A body cools from `50^(@)C` to `40^(@)C` in 5 min. The surroundings temperature is `20^(@)C`. In what further times (in minutes) will it cool to `30^(@)C` ?

To solve the problem of how long it will take for the body to cool from 40°C to 30°C, we can use Newton's Law of Cooling.
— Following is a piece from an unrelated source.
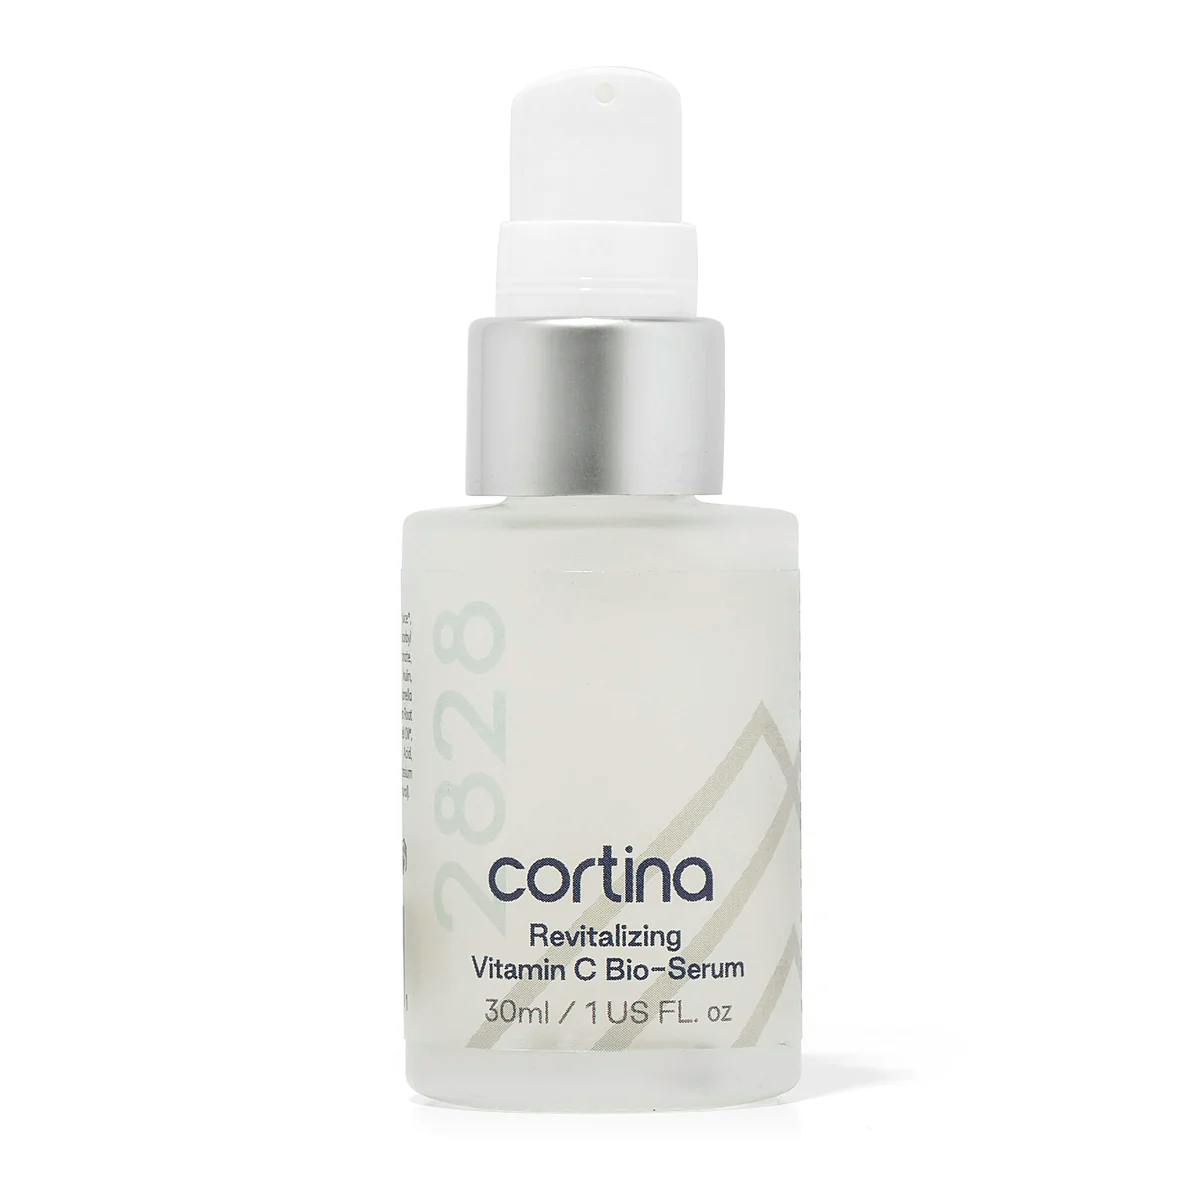 Cortina 2828 Revitalizing Vitamin C Bio-Serum Image 1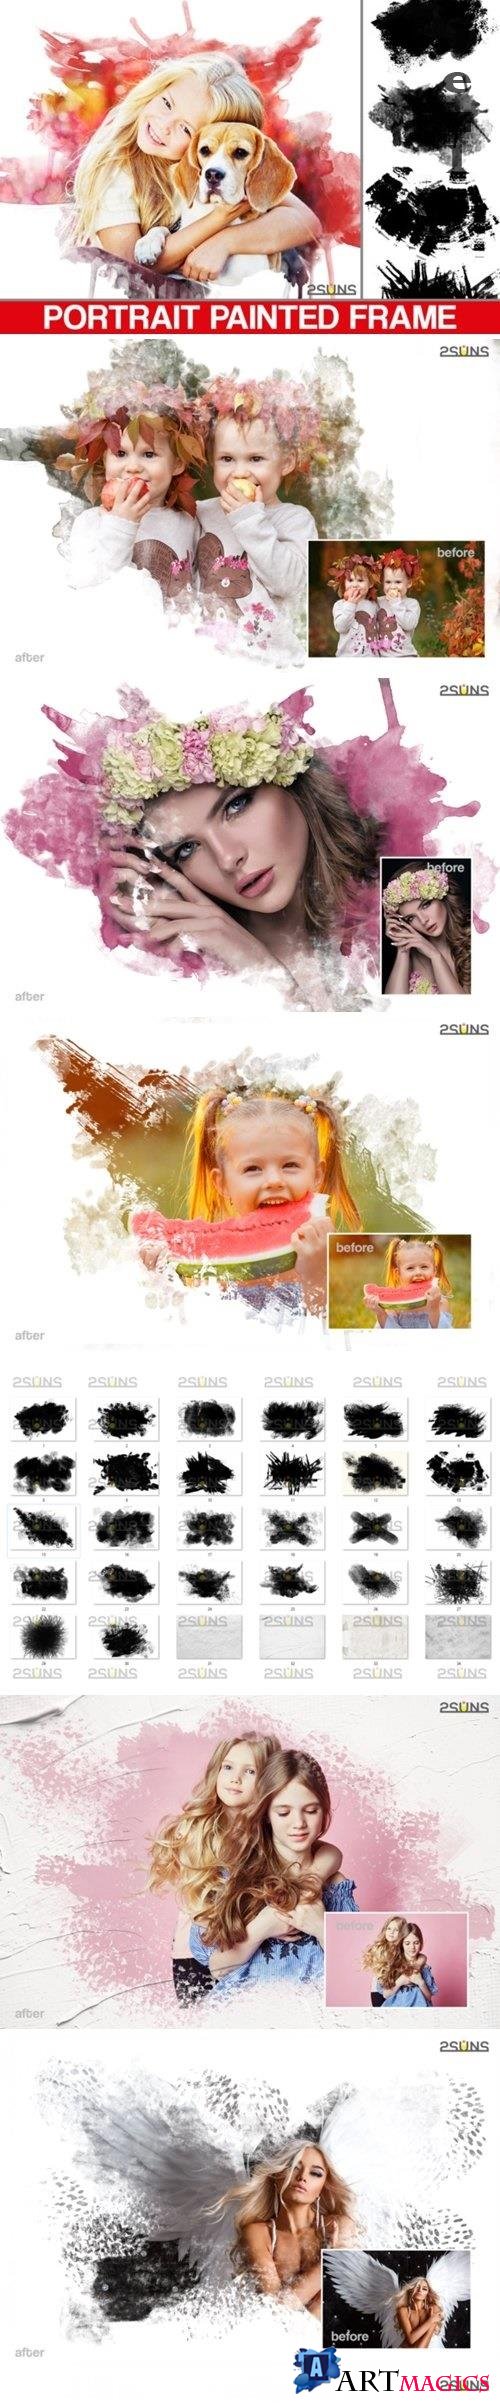 30 Beautiful portrait paint masks, photo frame, Photoshop overlay - 521253

The law states that the rate of heat loss of a body is directly proportional to the difference in temperature between the body and its surroundings, provided this difference is small. ### Step-by-Step Solution: 1. **Identify the known values**: - Initial temperature (T1) = 50°C - Final temperature (T2) = 40°C - Surrounding temperature (Ts) = 20°C - Time taken to cool from 50°C to 40°C (t1) = 5 minutes 2. **Calculate the temperature difference**: - For the first interval (from 50°C to 40°C): - ΔT1 = T1 - Ts = 50°C - 20°C = 30°C - ΔT2 = T2 - Ts = 40°C - 20°C = 20°C 3. **Use Newton's Law of Cooling**: The formula according to Newton's Law of Cooling can be expressed as: \[ \frac{T1 - Ts}{T2 - Ts} = \frac{t1}{t2} \] where \( t2 \) is the time taken to cool from 40°C to 30°C. 4. **Set up the equation**: \[ \frac{30°C}{20°C} = \frac{5 \text{ min}}{t2} \] 5. **Cross-multiply to solve for \( t2 \)**: \[ 30 \cdot t2 = 20 \cdot 5 \] \[ 30t2 = 100 \] \[ t2 = \frac{100}{30} = \frac{10}{3} \text{ minutes} \] 6. **Convert to a more understandable form**: \[ t2 = 3 \frac{1}{3} \text{ minutes} \text{ or } 3.33 \text{ minutes} \] ### Final Answer: The time taken for the body to cool from 40°C to 30°C is \( \frac{10}{3} \) minutes or approximately 3.33 minutes.